◆ **Instructions to follow**
Copy the data that follows, character for character, minus the pictures.

◆ **Given material**
—————

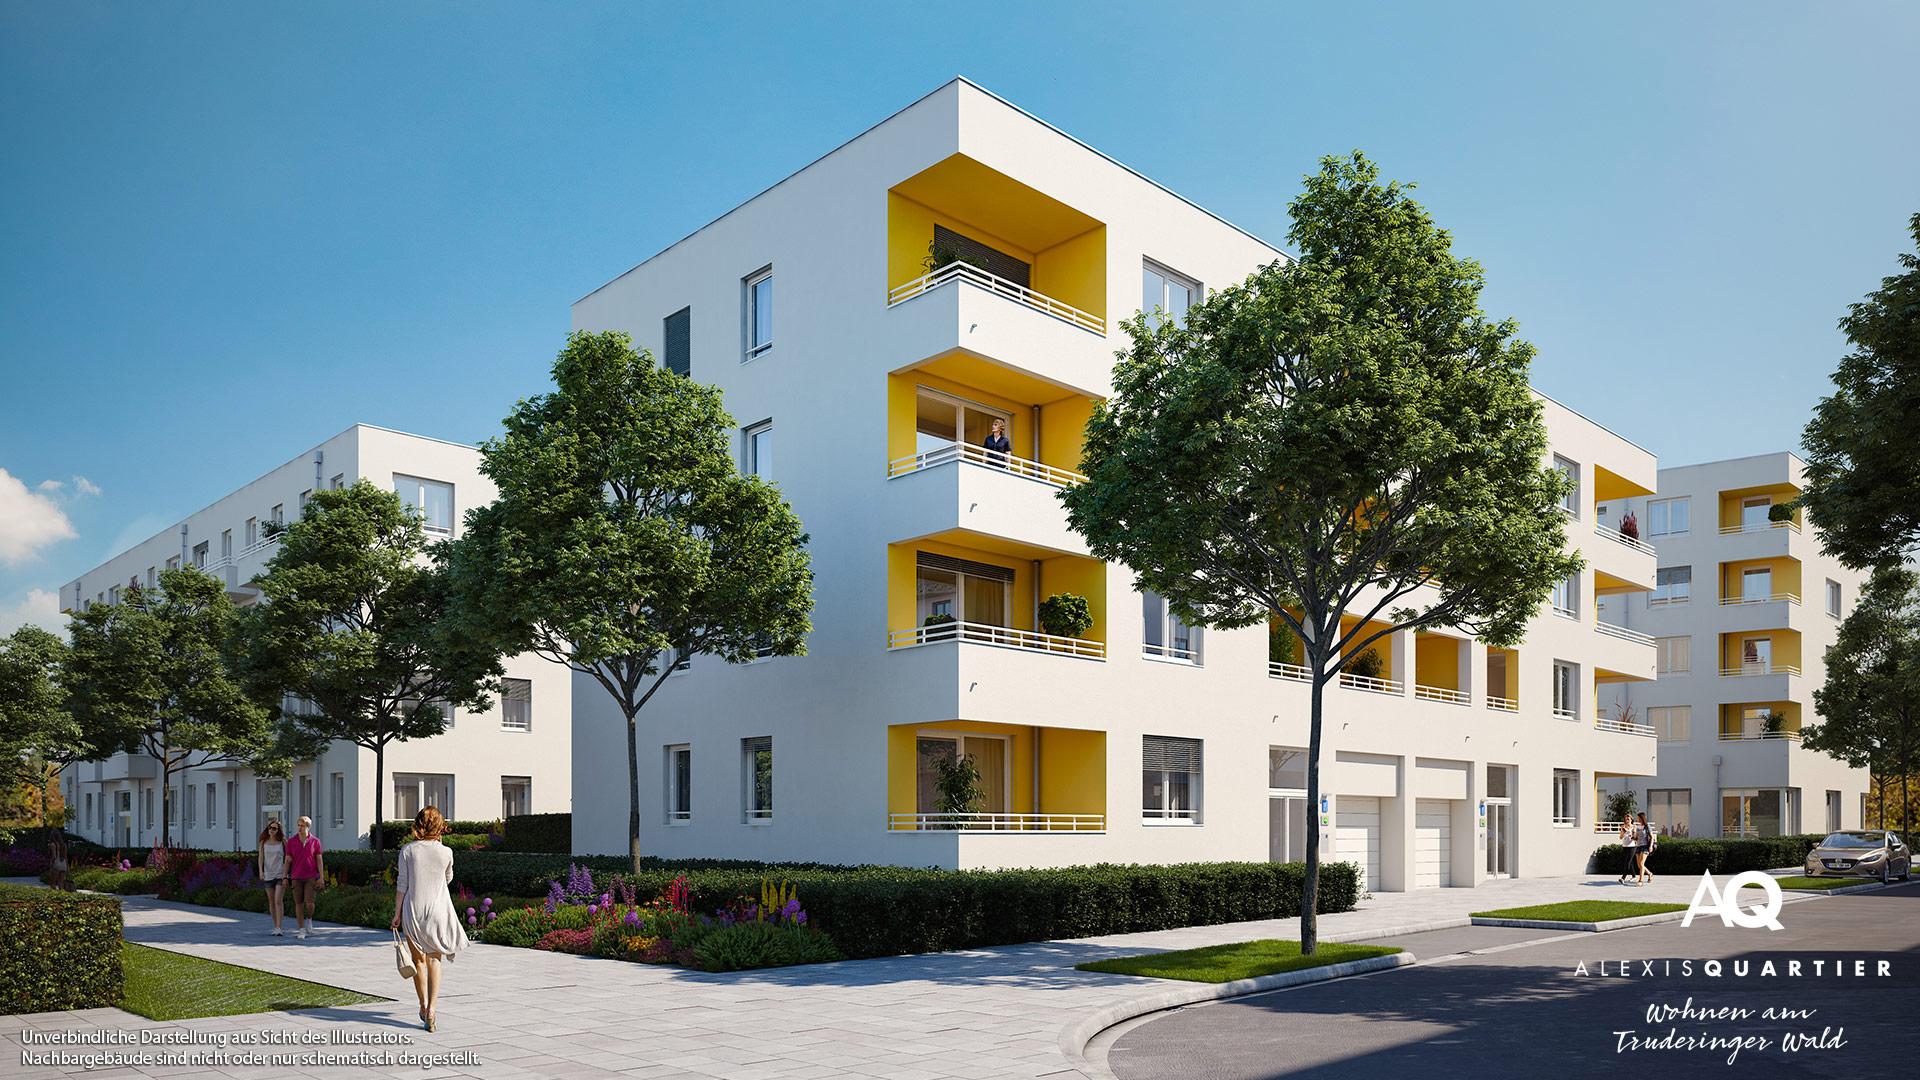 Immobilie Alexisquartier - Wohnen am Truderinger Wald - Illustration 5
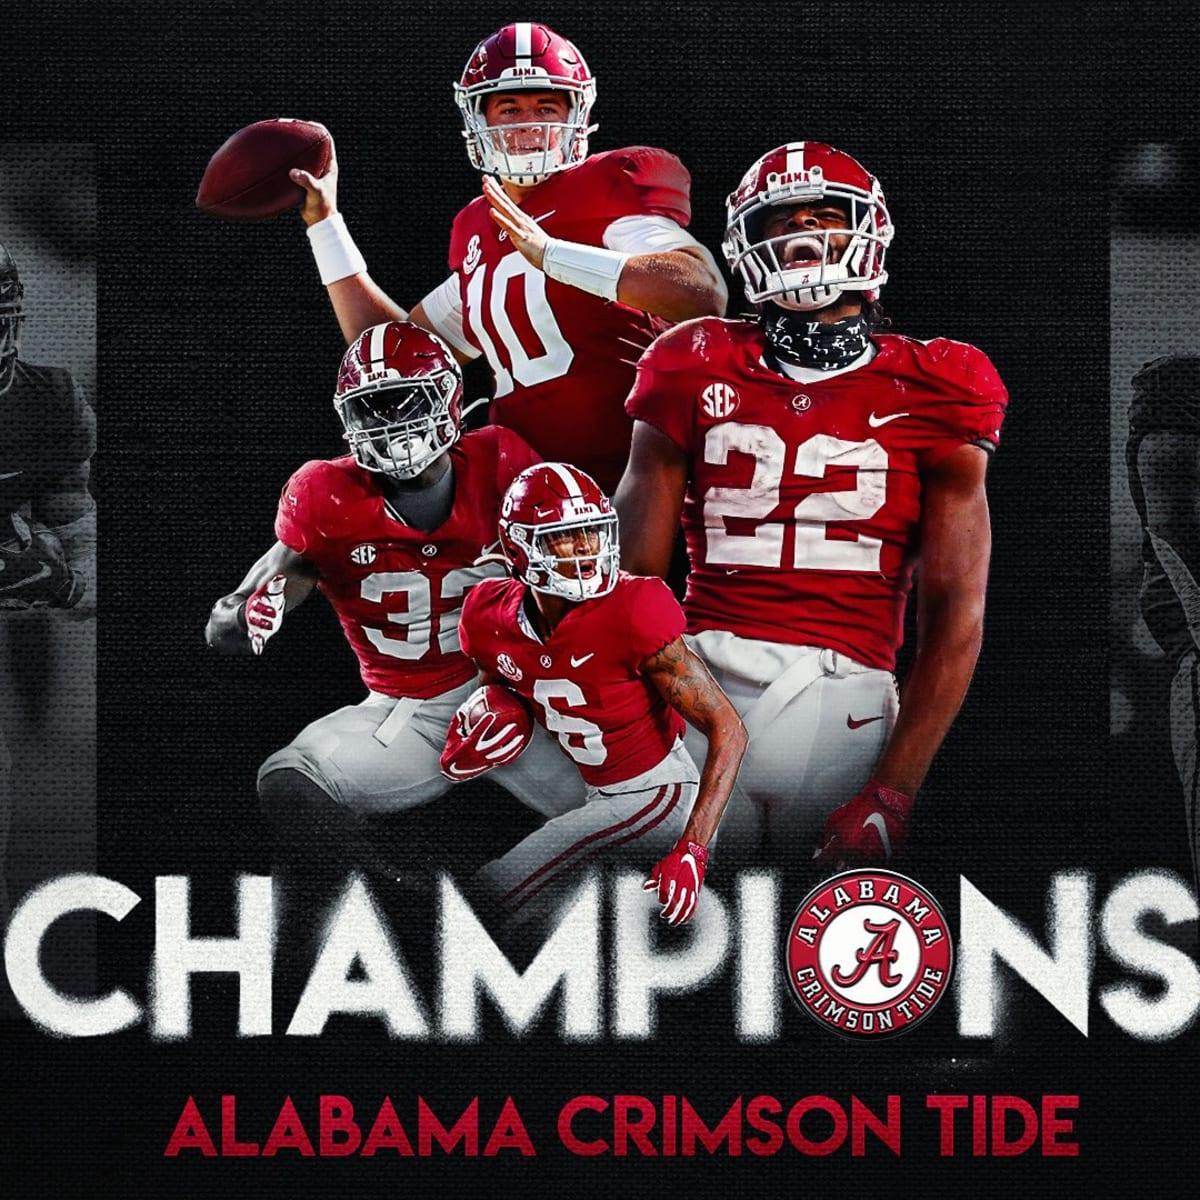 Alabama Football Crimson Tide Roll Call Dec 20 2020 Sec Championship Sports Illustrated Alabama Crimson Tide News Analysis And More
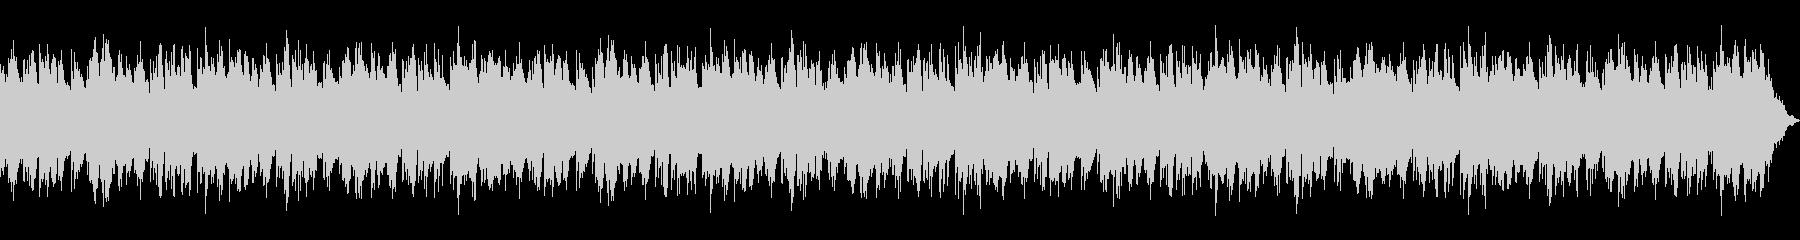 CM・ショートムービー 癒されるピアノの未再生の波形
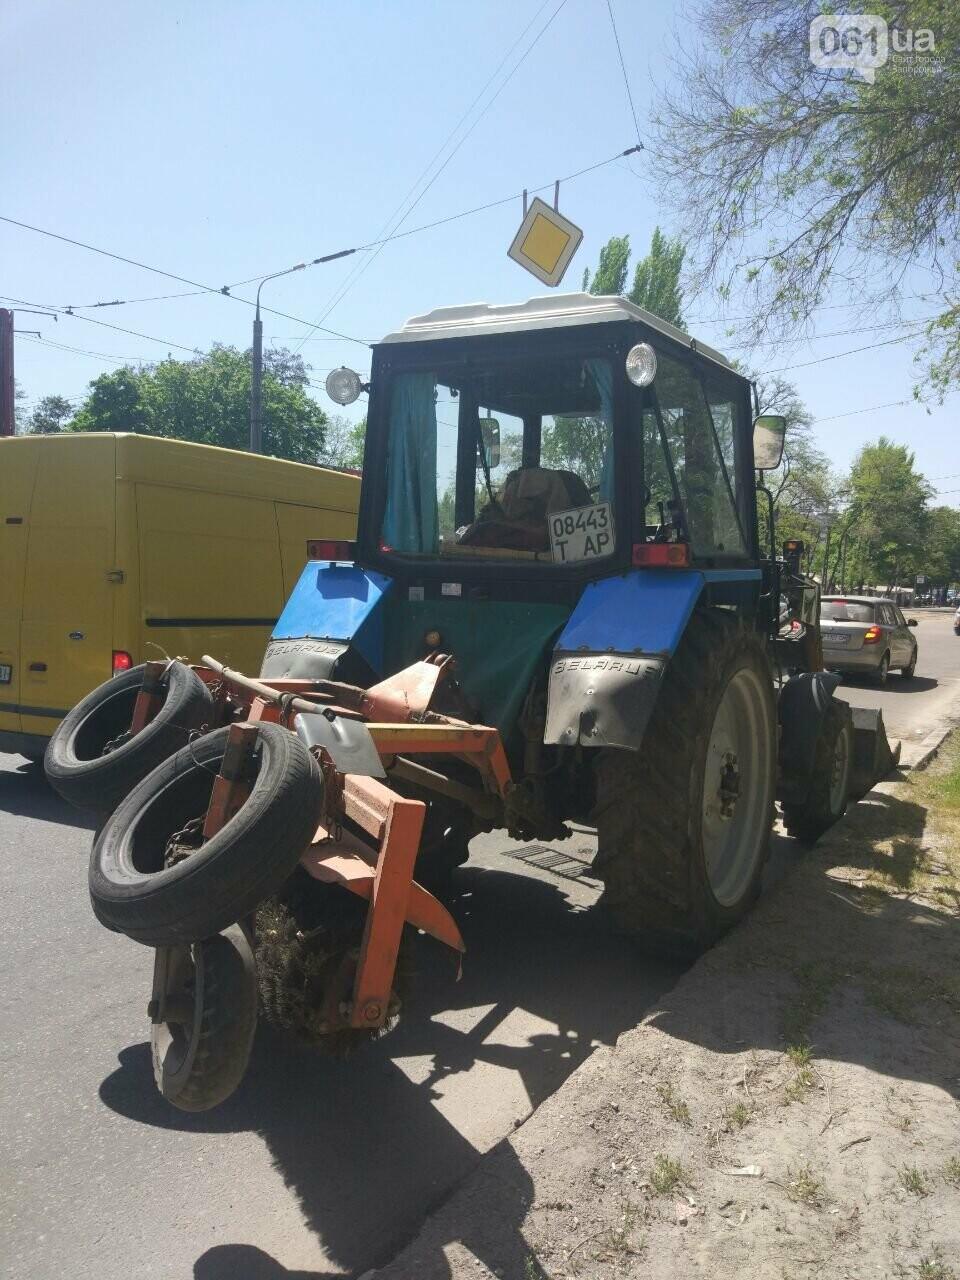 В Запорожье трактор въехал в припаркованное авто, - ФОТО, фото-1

—————

◆ **Exercise response**
 Immobilie Alexisquartier - Wohnen am Truderinger Wald - Illustration 5
 Alabama Football Crimson Tide Roll Call Dec 20 2020 Sec Championship Sports Illustrated Alabama Crimson Tide News Analysis And More
 CM・ショートムービー 癒されるピアノの未再生の波形
 В Запорожье трактор въехал в припаркованное авто, - ФОТО, фото-1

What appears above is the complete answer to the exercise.